Л е н и н. Трезвые не соглашались.
В а с и л ь е в - Ю ж и н. Почему?
Л е н и н. Лед-то еще слабоват был. На редкость теплая зима выдалась в этом году в Финляндии!..
В а с и л ь е в - Ю ж и н. Что бы вам подождать еще пару морозных дней!
Л е н и н. И дождаться, пока охранка сцапает? Прямо по пятам от самого Питера шли… господа хорошие! С кем бы тогда вы сейчас кофе пили, Михаил Иванович?
В а с и л ь е в - Ю ж и н. Эх, Владимир Ильич… Не до шуток!
Л е н и н. Я не шучу… Какие уж сейчас шутки? (С болью.) Точно в гроб ложиться сюда приехал!.. (После паузы.) А там, в России… Что сейчас там? В России…
Неизвестный господин, отойдя от стойки, проходит вблизи столика Ленина и Васильева-Южина.

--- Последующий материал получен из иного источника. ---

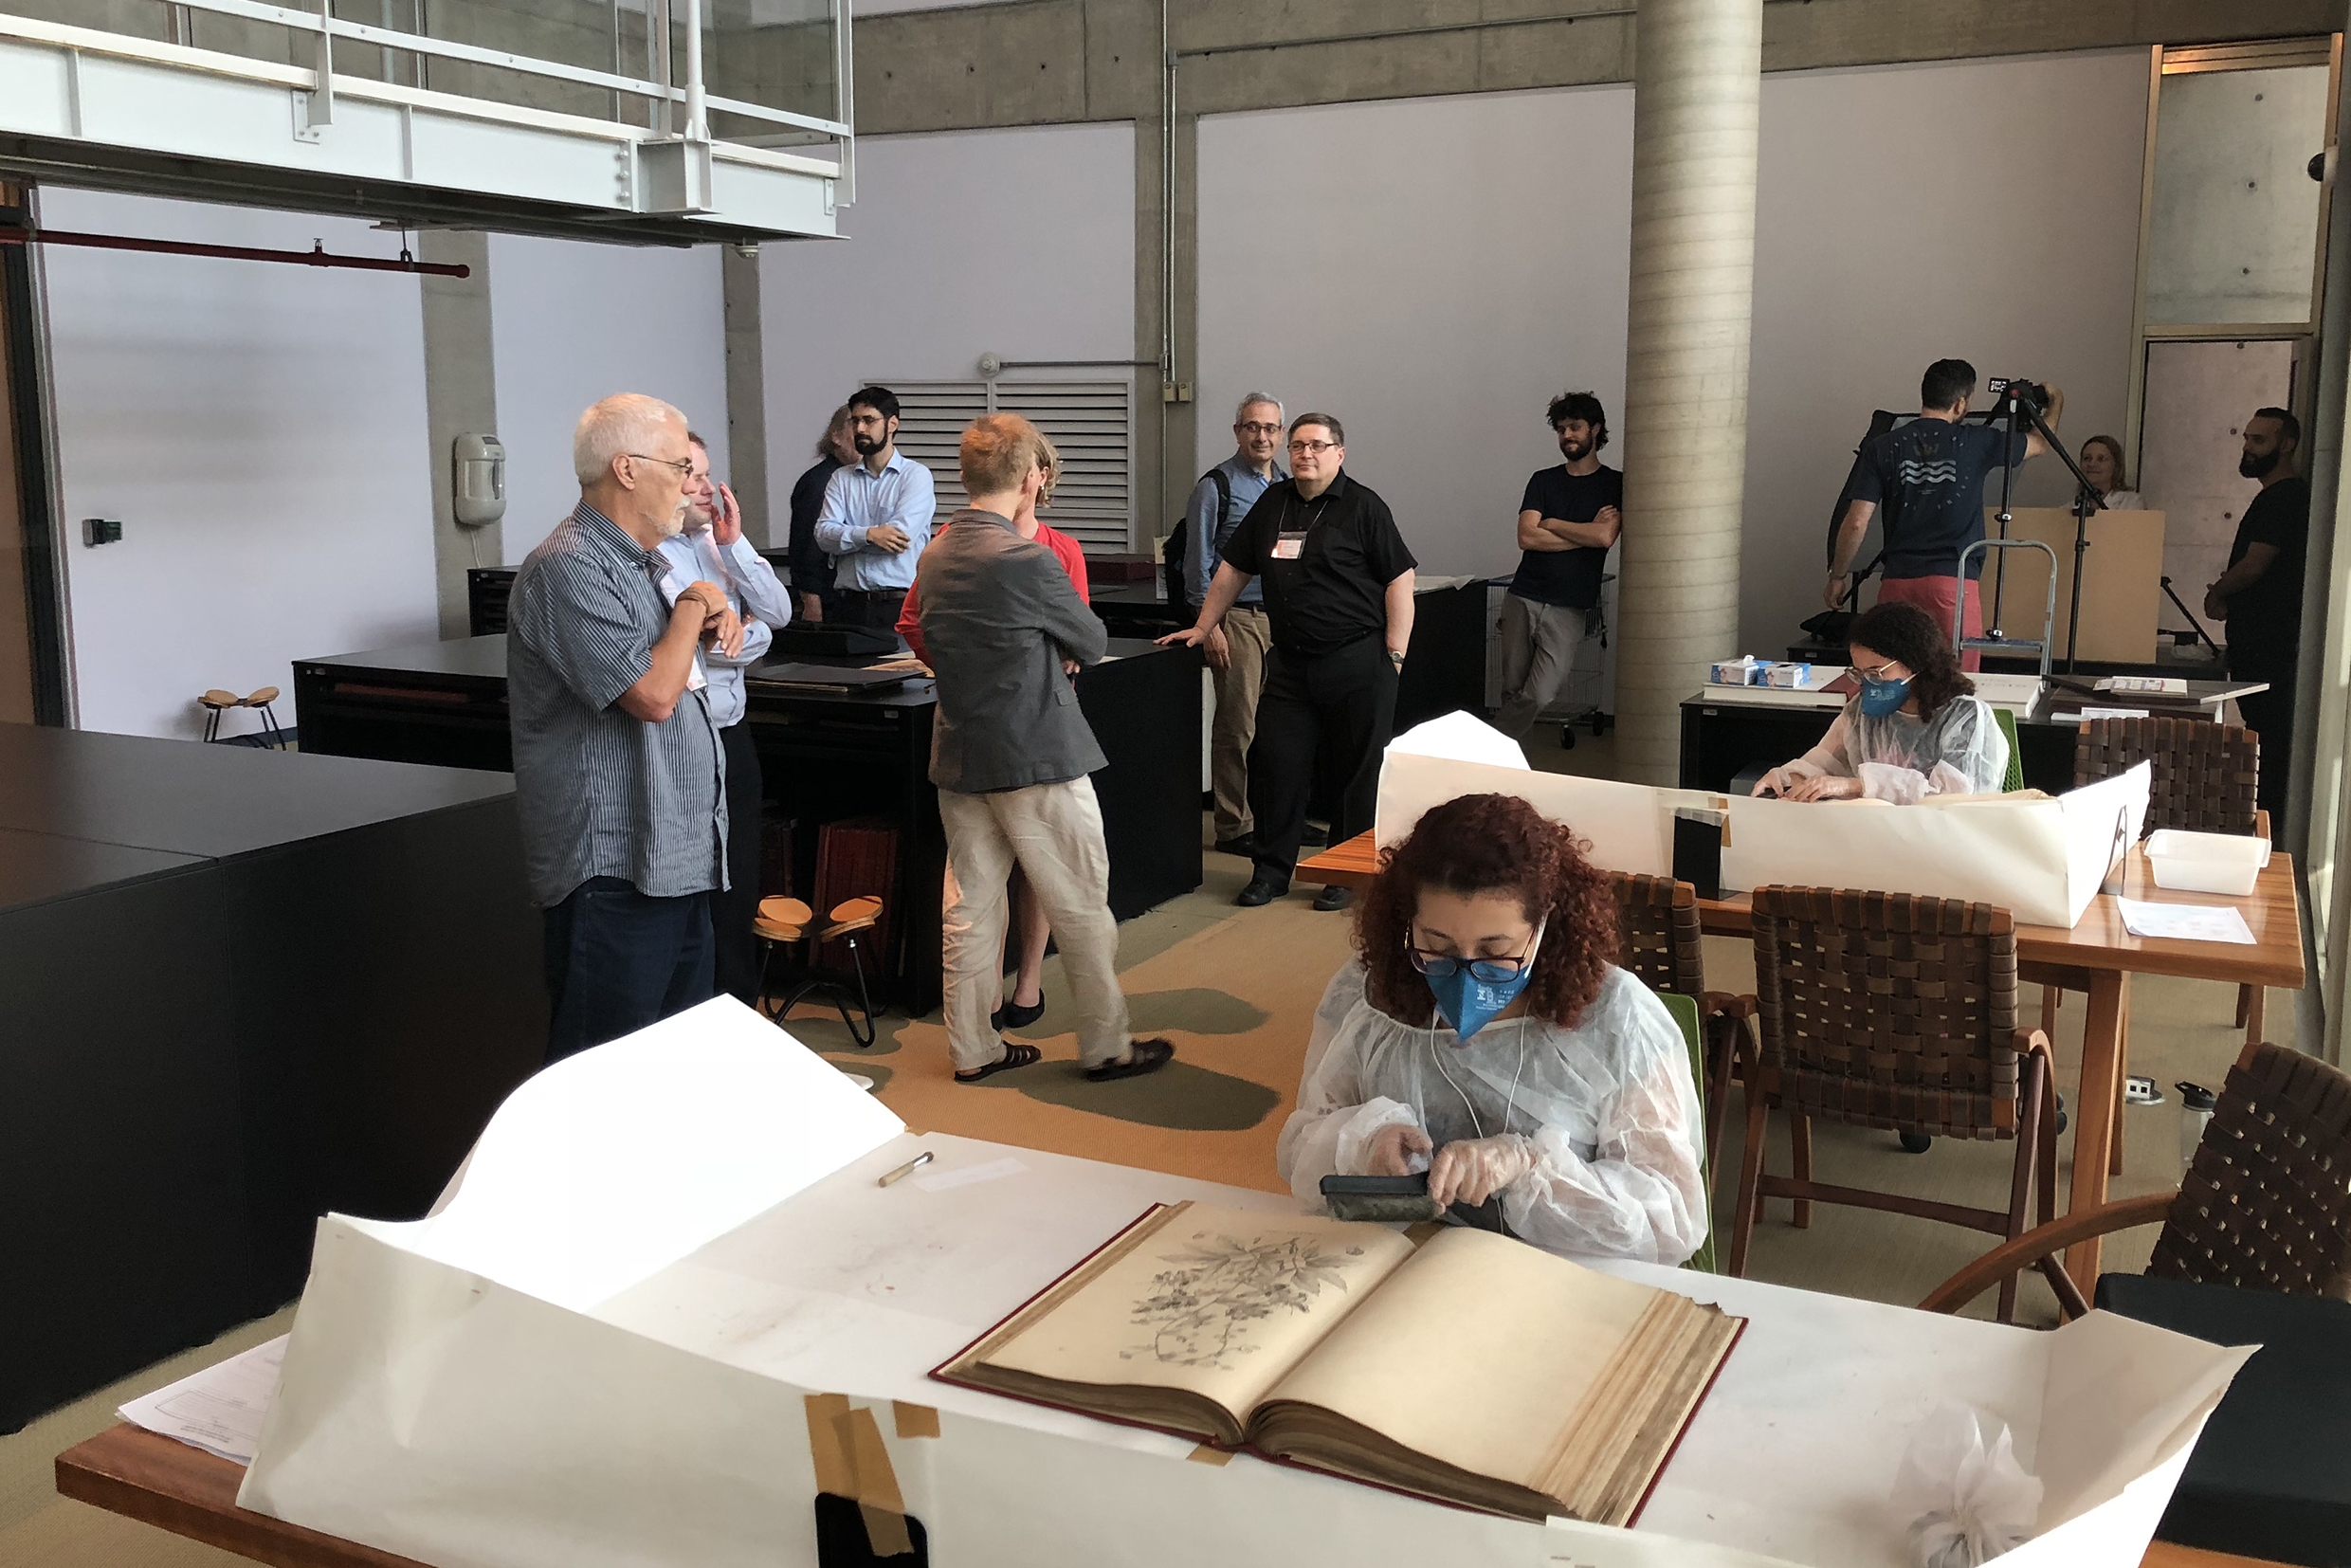 Participants observe the work of archive conservation at the Brasiliana Guita e José Mindlin Library
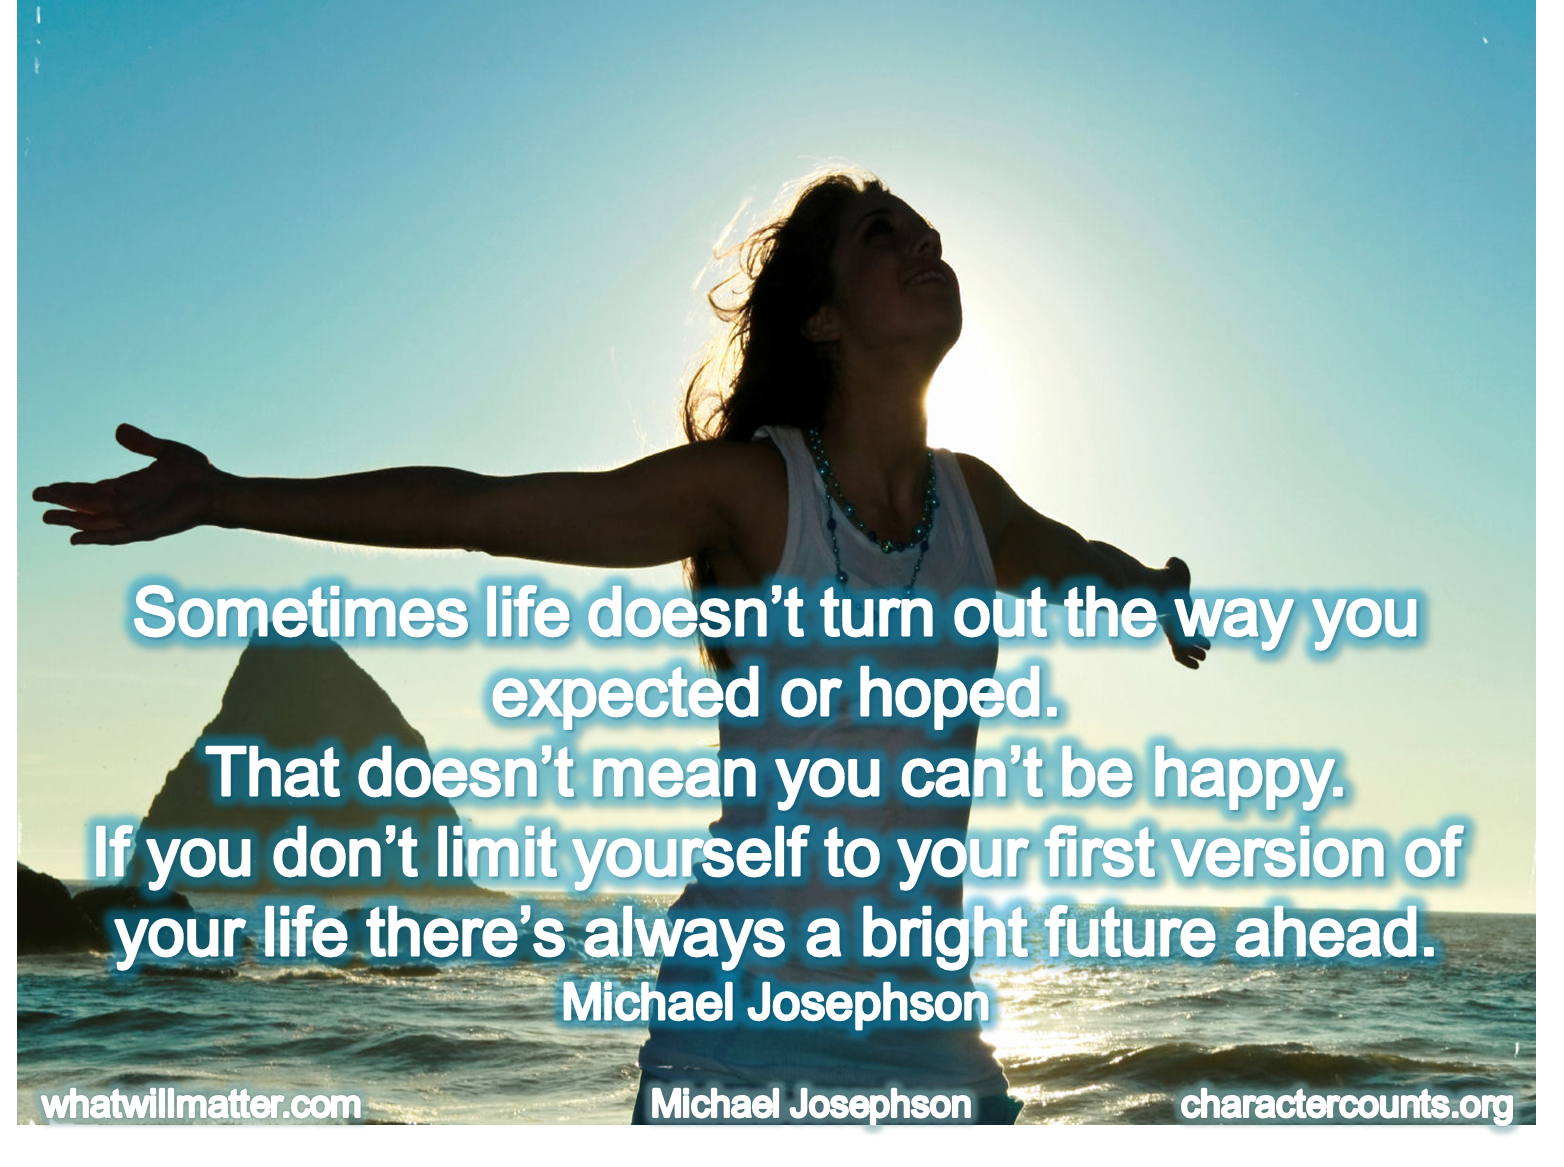 Bright Future quotes. Sometimes Life. Quotes about Bright Future. Be Happy with the way you are.

И еще эта фигура! Дать бы ему по физиономии… От души!
В а с и л ь е в - Ю ж и н. Хорошо бы!
Л е н и н. Просто руки чешутся, знаете ли!
В а с и л ь е в - Ю ж и н. И не говорите…
Л е н и н. На Невском проспекте окружили меня сразу четыре шпика, вот-вот арестуют, как ушел — до сих пор не понимаю! Так у тех хоть лица были свои, расейские…
В а с и л ь е в - Ю ж и н. Если еще подойдет — о чем говорим? О природе?
Л е н и н. Можно и о природе… (Глядя на третий, оставшийся свободным стул за их столиком.) Старый знакомый!..
В а с и л ь е в - Ю ж и н. Стул? Этот?
Л е н и н. Здесь сидел Георгий Валентинович… Тогда мы с ним впервые встретились… (Передвигает «плехановский» стул так, чтобы тот оказался напротив его собственного.) Было это еще в девяносто пятом году… (Словно восстанавливая обстановку памятной ему встречи, убирает со столика лежащую газету, передвигает вазу с цветами…) Говорили о близкой, как казалось, революции…
В а с и л ь е в - Ю ж и н (резко). А в девятьсот пятом? Когда все рвались правдами и неправдами в эту революцию? В Россию? Товарищ Плеханов отправился в другую сторону! Отбыл с супругой в Лозанну, к светилам медицины, для консультаций и обследований… И, говорят, светила не рекомендовали товарищу Плеханову «петербургский климат»!
Л е н и н. Это не остановило бы его…
В а с и л ь е в - Ю ж и н. Что остановило? Узнал о первых арестах, о переходе снова на нелегальное положение, и вовсе счел… нецелесообразным?!